Yeah I read it.  It's an inappropriate topic and you could argue a pointless thread.  The OP is asking a yes or no question.  Or fishing for leads.


----------



## Spymaster (Sep 25, 2009)

Upchuck said:


> I think the OP is unacceptable.  I think it's wrong and I am uncomfortable seeing this topic being discussed on the forum.  The OP can find this info on google, he doesn't need to subject it to a discussion.  I think he was wrong to post it and am saying so.  There is nothing glamarous about rape and really what kind of person goes 'hey mate what films have rape scenes in them?'



Are you taking the piss or are you the biggest fuckwit on the internet?

Anyway, I'm reporting your posts.


----------



## madzone (Sep 25, 2009)

Upchuck said:


> Well he should have kept it to himself rather than posting it here.


 Says you


----------



## killer b (Sep 25, 2009)

Upchuck said:


> Yeah I read it.  It's an inappropriate topic and you could argue a pointless thread.  The OP is asking a yes or no question.  Or fishing for leads.

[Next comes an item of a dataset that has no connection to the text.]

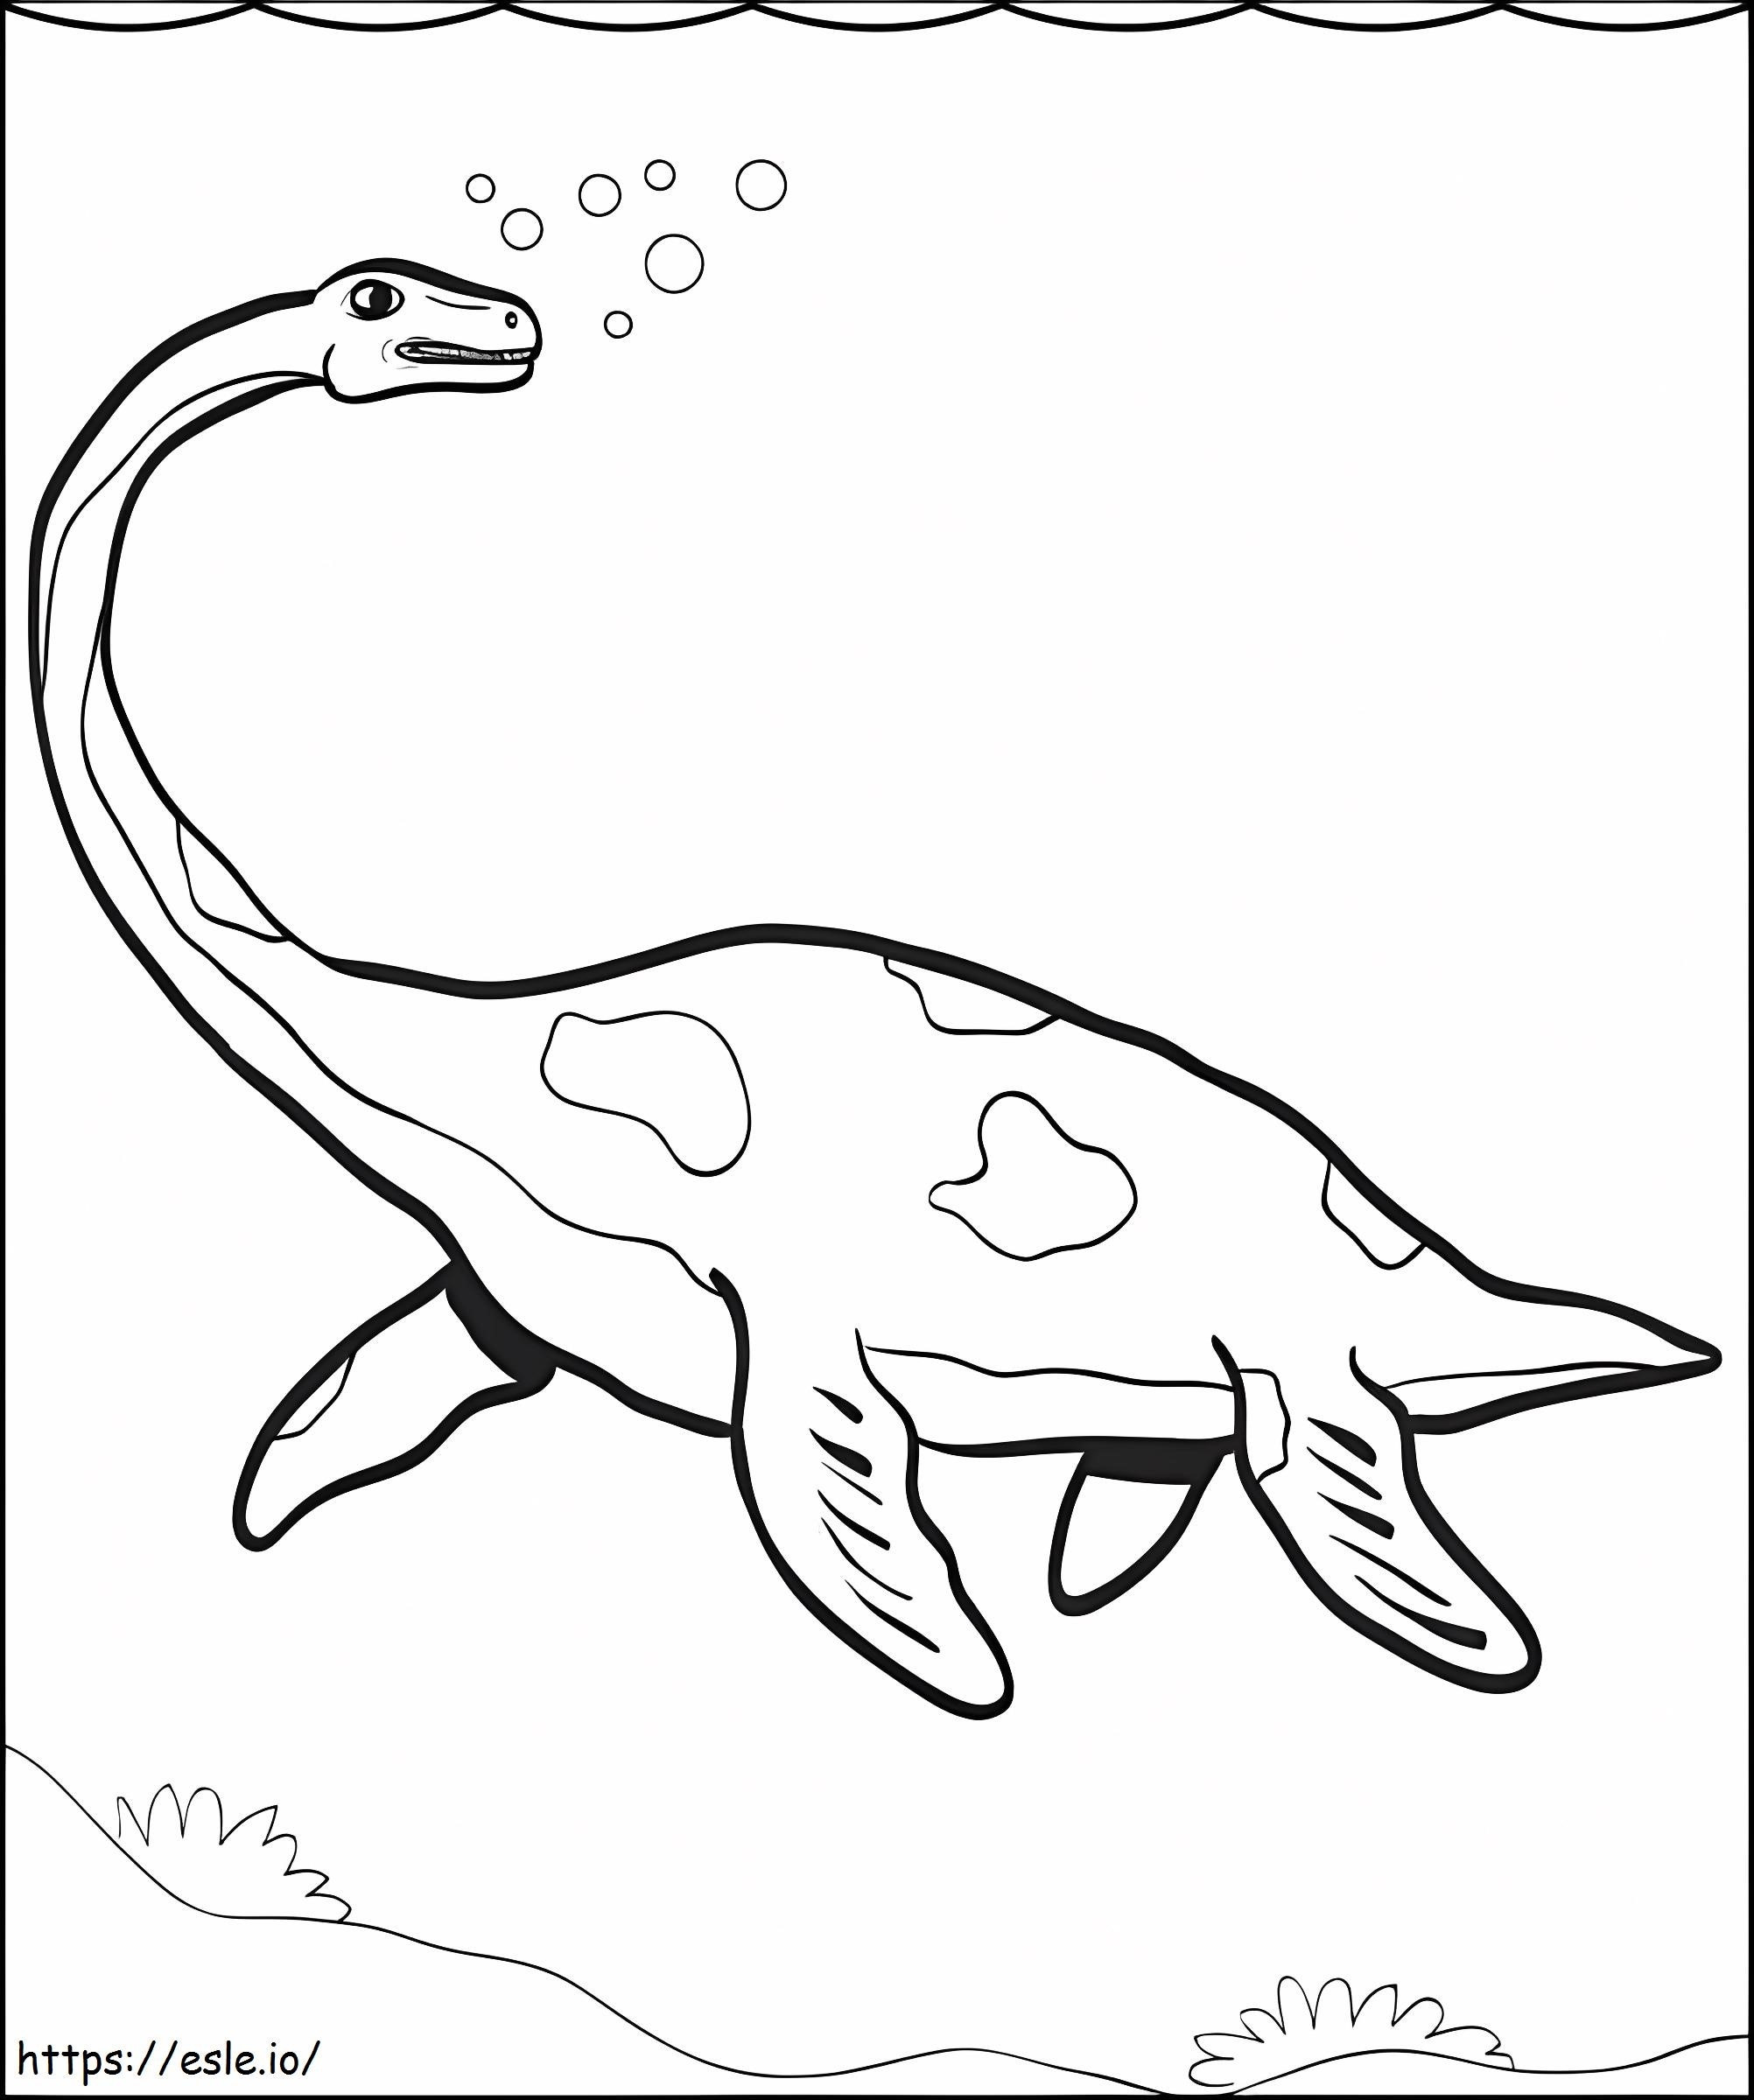 Plesiosaurus unter Wasser ausmalbilder

really? i think it's a fairly interesting topic of discussion. how is it inapropriate?

if you find a subject uncomfortable, you could always ignore the thread y'know. or just walk out of the room until it's over.


----------



## madzone (Sep 25, 2009)

Spymaster said:


> Are you taking the piss or are you the biggest fuckwit on the internet?
> 
> Anyway, I'm reporting your posts.


I bet you're also the type of reprobate who eats in the lift


----------



## madzone (Sep 25, 2009)

killer b said:


> really? i think it's a fairly interesting topic of discussion. how is it inapropriate?
> 
> if you find a subject uncomfortable, you could always ignore the thread y'know. or just walk out of the room until it's over.


 Have you not read any of chucky's posts before?

I love her


----------



## goldenecitrone (Sep 25, 2009)

I remember watching the Mike Leigh film Naked with a group of people, one of whom had been raped and had to leave the room during the scene. That was quite disturbing. On the other hand, the rape scene in Bad Boy Bubby, when Bubby is raped in prison to the sound of bagpipe music was strangely beautiful.


----------



## Nanker Phelge (Sep 25, 2009)

Structaural said:


> When Noodles rapes Deborah in Once Upon a Time in America was one of the worst for me. They make me angry but I guess that's the point. I'll be happy if I never see Last Exit again.



Both Leone and DeNiro took a lot of flak for that.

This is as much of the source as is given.